=== Extracted information ===

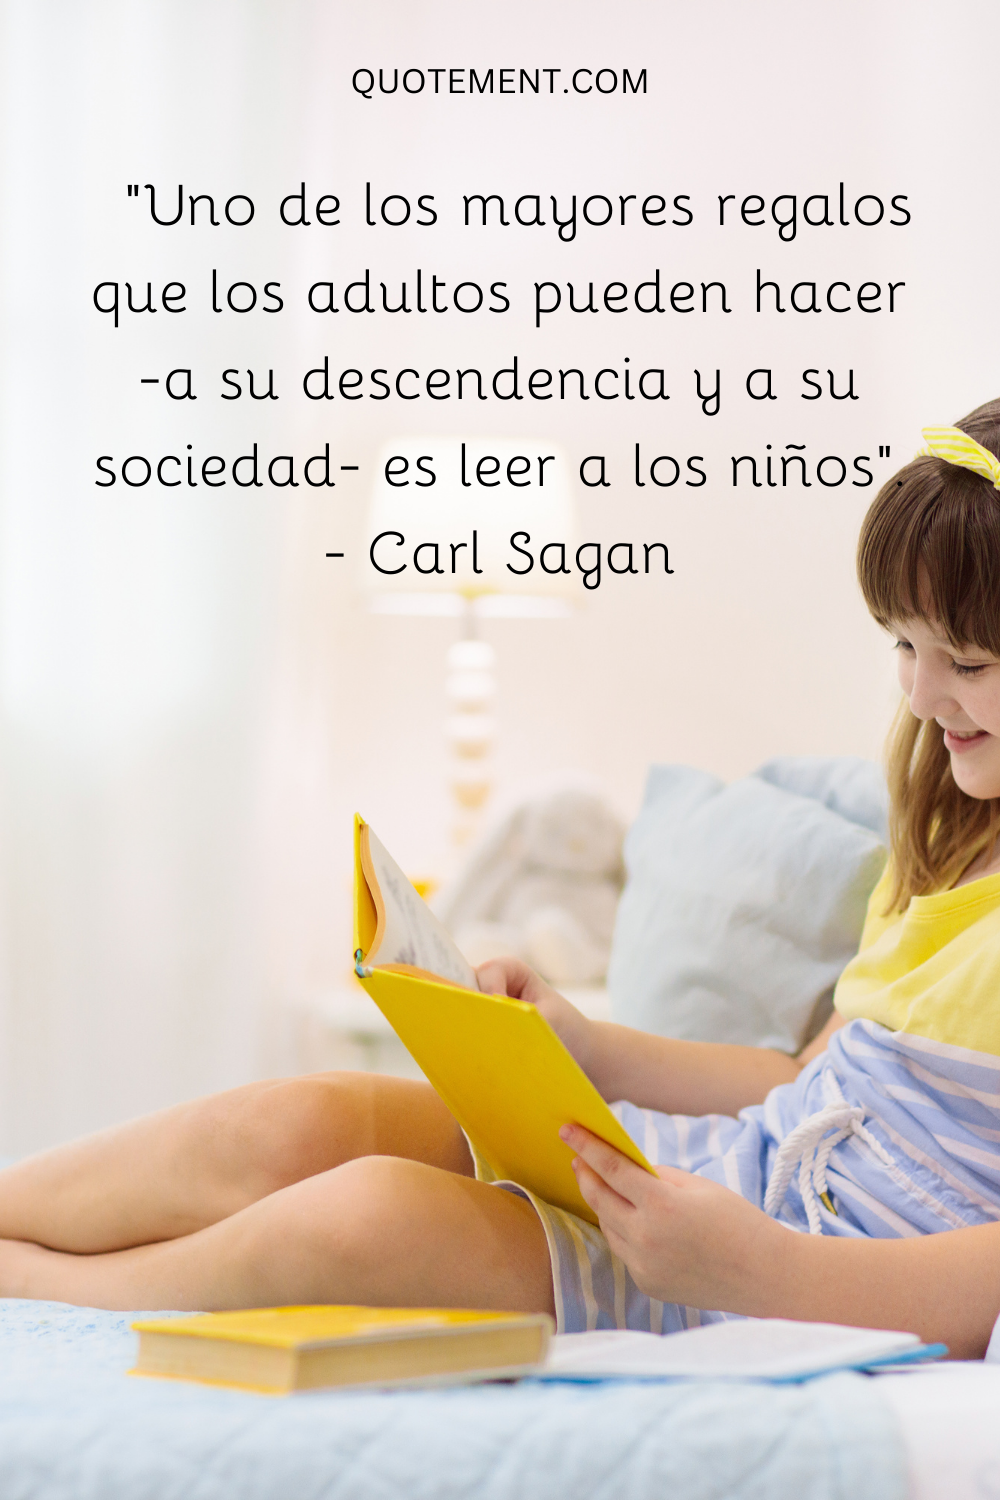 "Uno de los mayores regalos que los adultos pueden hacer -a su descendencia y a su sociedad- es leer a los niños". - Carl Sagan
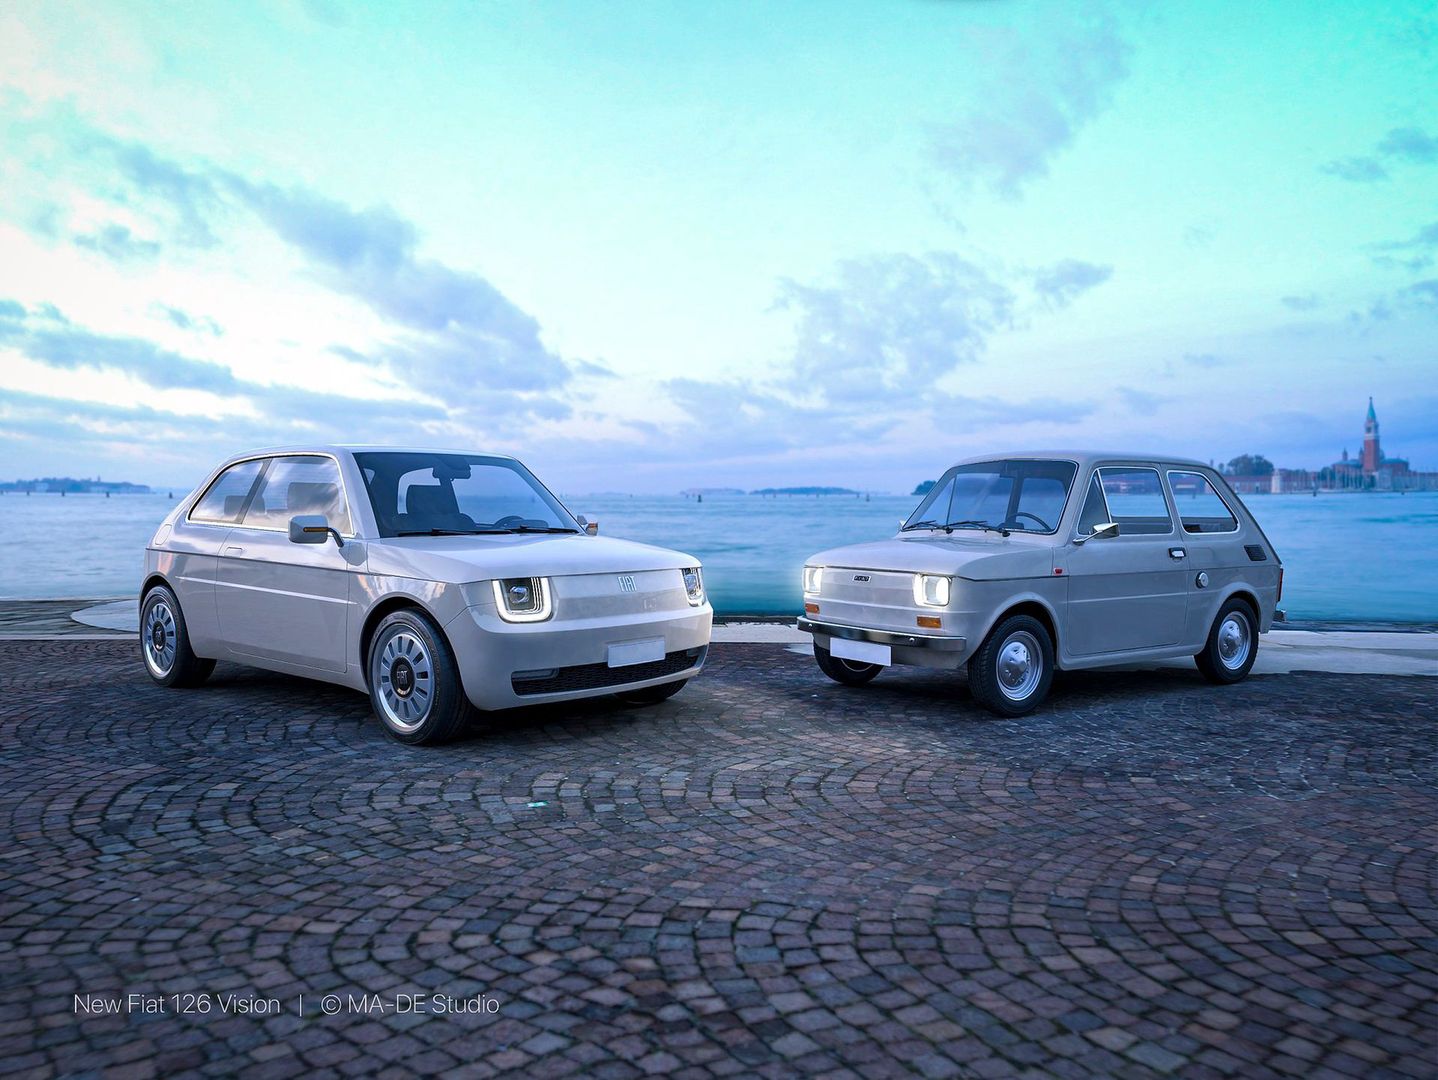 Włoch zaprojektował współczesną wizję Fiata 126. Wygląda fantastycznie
==
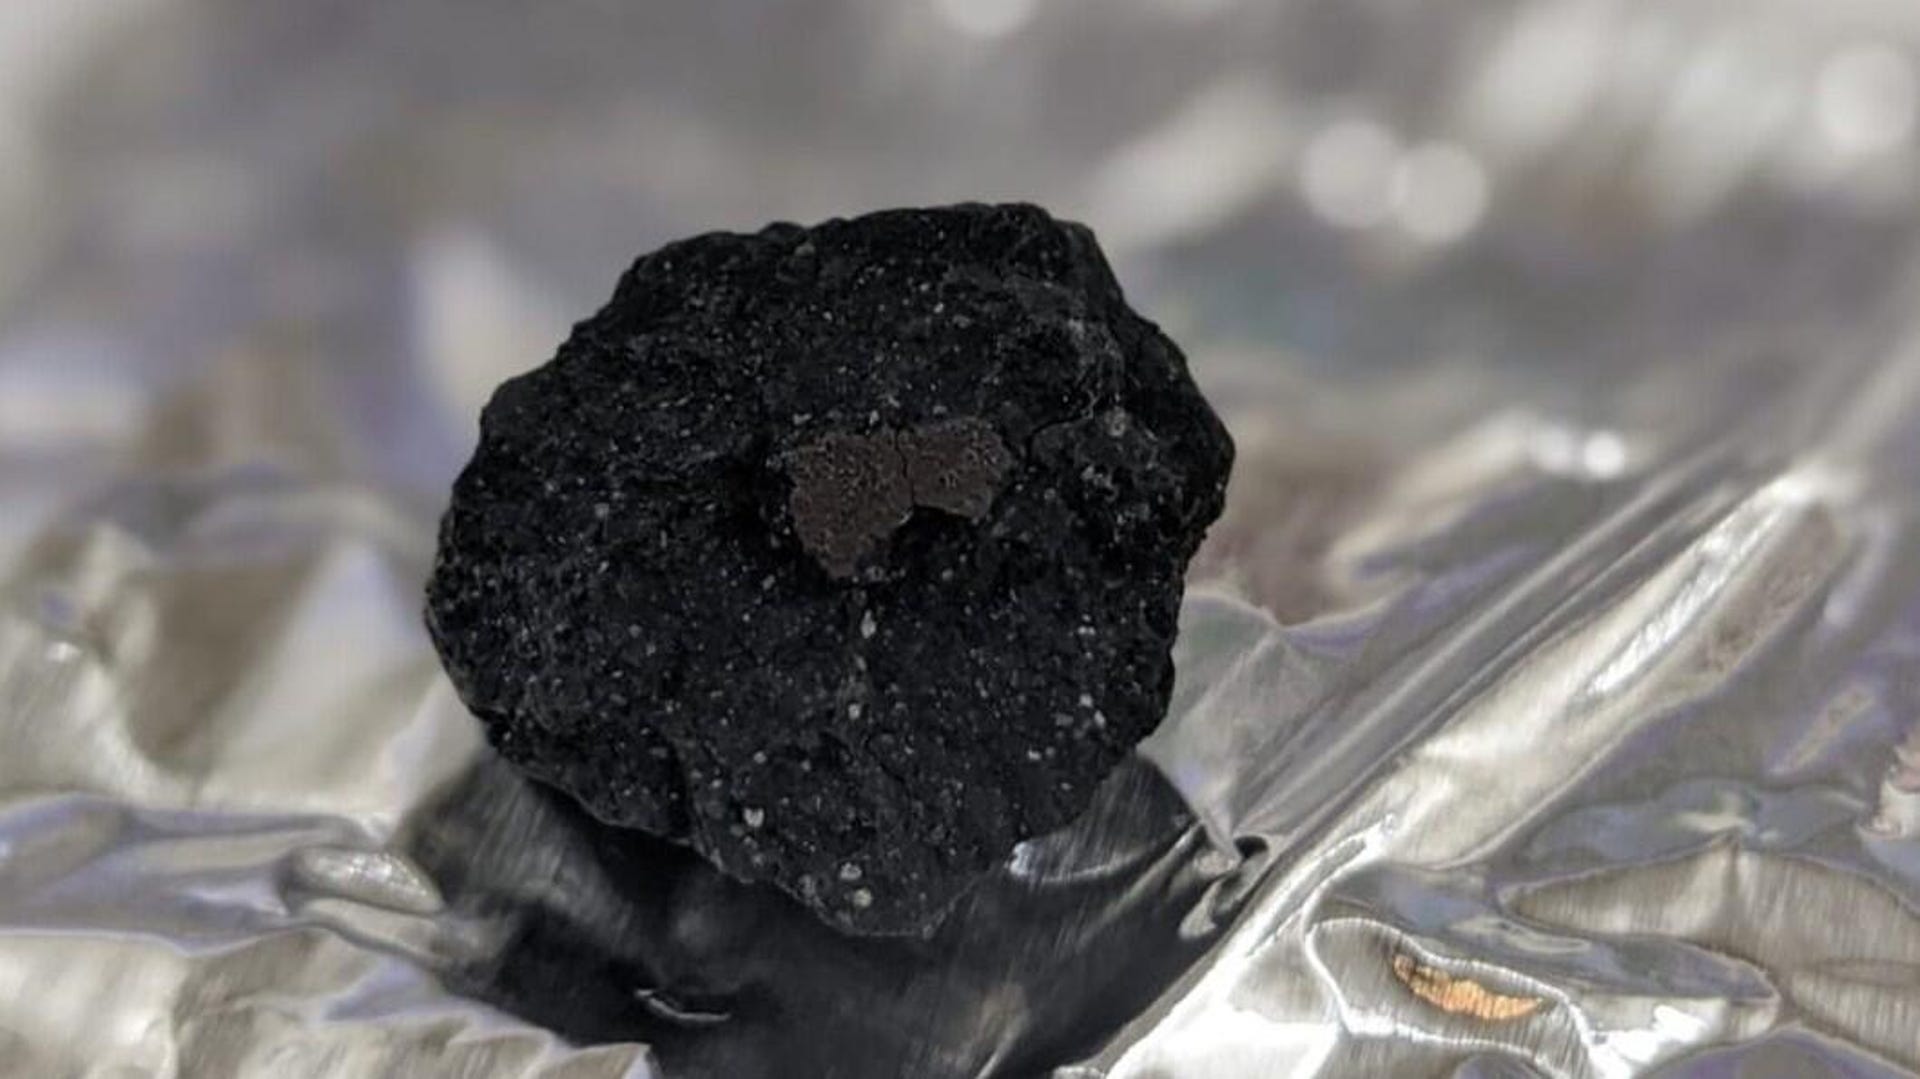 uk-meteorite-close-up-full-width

=== Work to complete ===
Among the entries above, copy exactly the stretch from the line holding "- Carl Sagan" through the line holding "Włoch zaprojektował współczesną", leaving out any pictures.

=== Exercise response ===
 "Uno de los mayores regalos que los adultos pueden hacer -a su descendencia y a su sociedad- es leer a los niños". - Carl Sagan
 Włoch zaprojektował współczesną wizję Fiata 126. Wygląda fantastycznie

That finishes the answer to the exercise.